Amelia Lyn Lewis (born February 23, 1991) is an American professional golfer. In December 2010 at age 19, Lewis became the first Jacksonville, Florida, native to be fully exempt on the LPGA Tour since Colleen Walker in 1982, some 28 years earlier. In the following year (December 2011) Lewis became the first Jacksonville native to ever hold tour cards on both the LPGA Tour and Ladies European Tour.

Lewis holds over 53 titles in junior, amateur and professional golf. She is a three-time All-First Coast Player of the Year and the 2009 Florida First Coast Scholar Athlete. She hold the course records at the Valley Course at the TPC Sawgrass where she won the 2008 CMAA World Championship and Overall championship Titles.

Early life and education
Lewis was born in Jacksonville, Florida, the daughter of Georgina (Hurst) and Chris Lewis. She is the oldest of four children and a fifth generation Jacksonville native.  Lewis attended the private preparatory school The Bolles School, graduating in 2009 with Honors. She attended one semester at the University of Florida where she played on the women's golf team.  She left college in December 2009 to pursue her professional golf career.

Amateur career
As a junior and amateur golfer, Lewis has often played and won on the Women's and Men's amateur tours in North Florida. In May 2008 she won the annual amateur CMAA World Championship & Overall championship Titles that launched her name to the National level across the United States.
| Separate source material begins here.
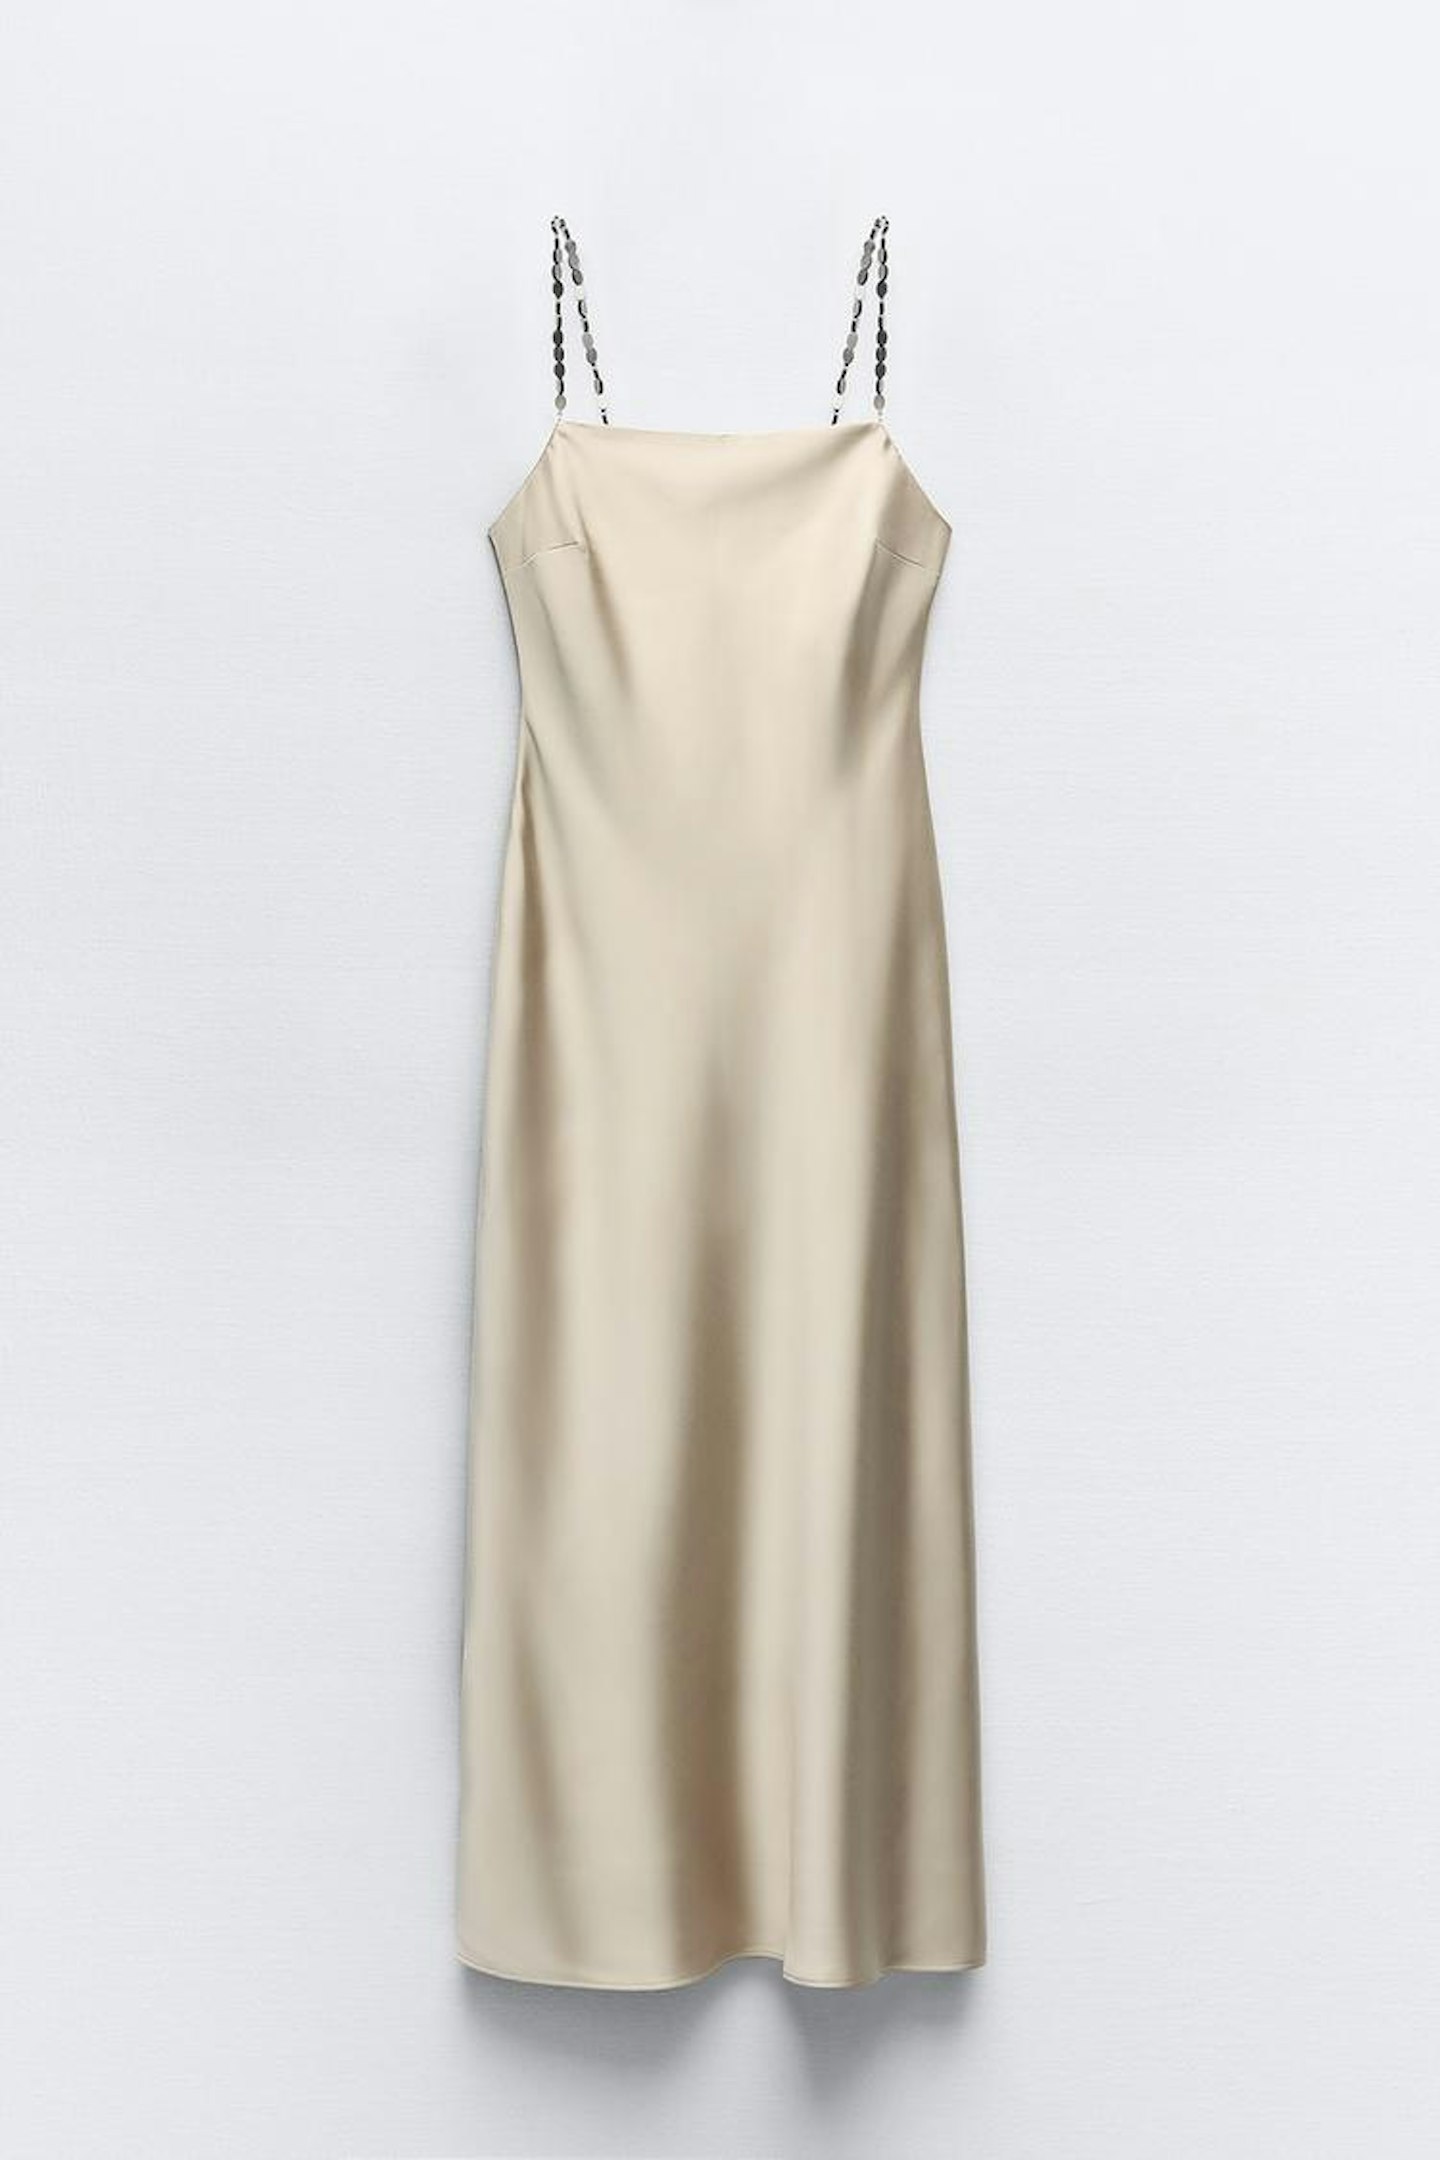 Zara, Slip Dress With Beaded Straps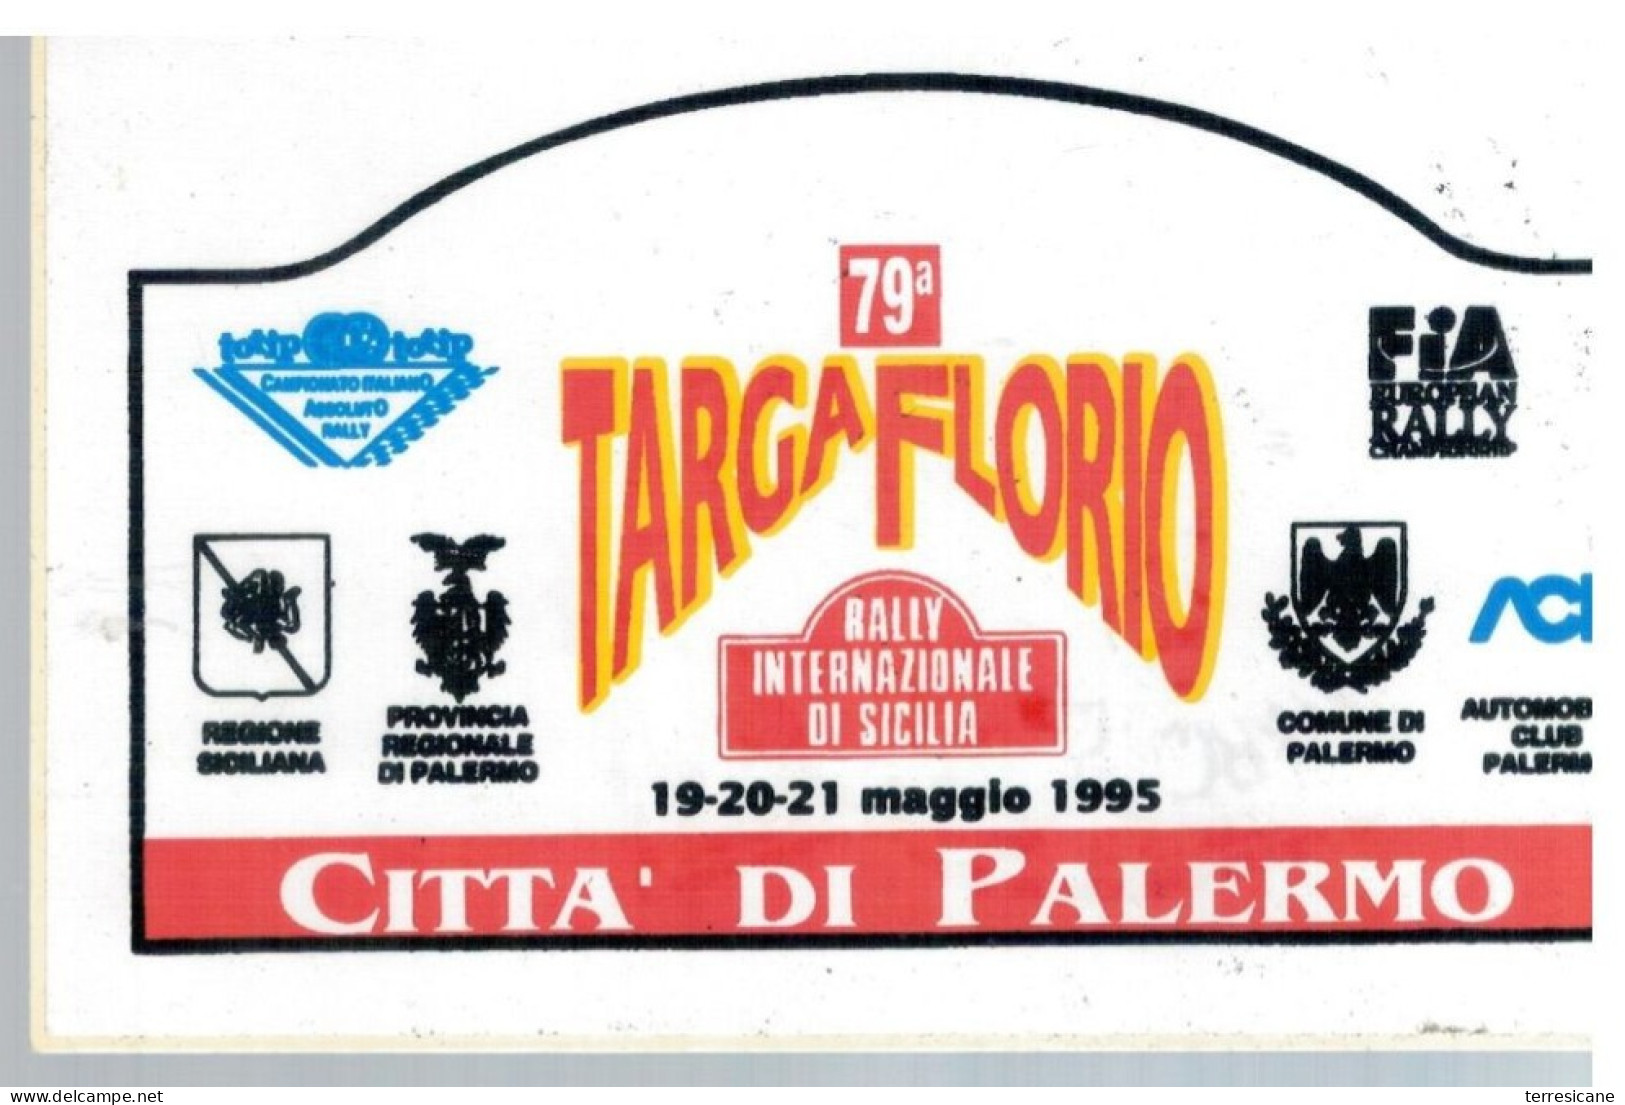 79 TARGA FLORIO 95 RALLY INTERNAZIONALE Placca Adesiva - Automobile - F1

Lewis earned her entry from the Women's Champion status of the San Jose Country Club in Jacksonville, Florida. She went to the National Championship and set a new course record for her first day score of a 67 (5 under par) on the Valley Course, and then won the CMAA women's division with a total score of 2 under par on the TPC Sawgrass. Later, in the CMAA Ultimate Division against the Men's Champion and Senior Men's Champion, Women's Champion Lewis, at 17 years old, completed a 15-foot birdie putt on the stadium course's 18th hole to win 2008 Ultimate Champion.  One year later after her high school graduation, Lewis won the 107th North and South Women's Amateur Golf Championship in 2009, where her name currently resides on the walls of Pinehurst Resort in Pinehurst, North Carolina, with golf's greatest. The North and South Women's Amateur is an invitational tournament, participants are chosen based upon their performance in national amateur championships and overall competitive record. Also in the summer of 2009, she qualified for the U.S. Women's Amateur and upset top seeded Danielle Kang in the first round of match play.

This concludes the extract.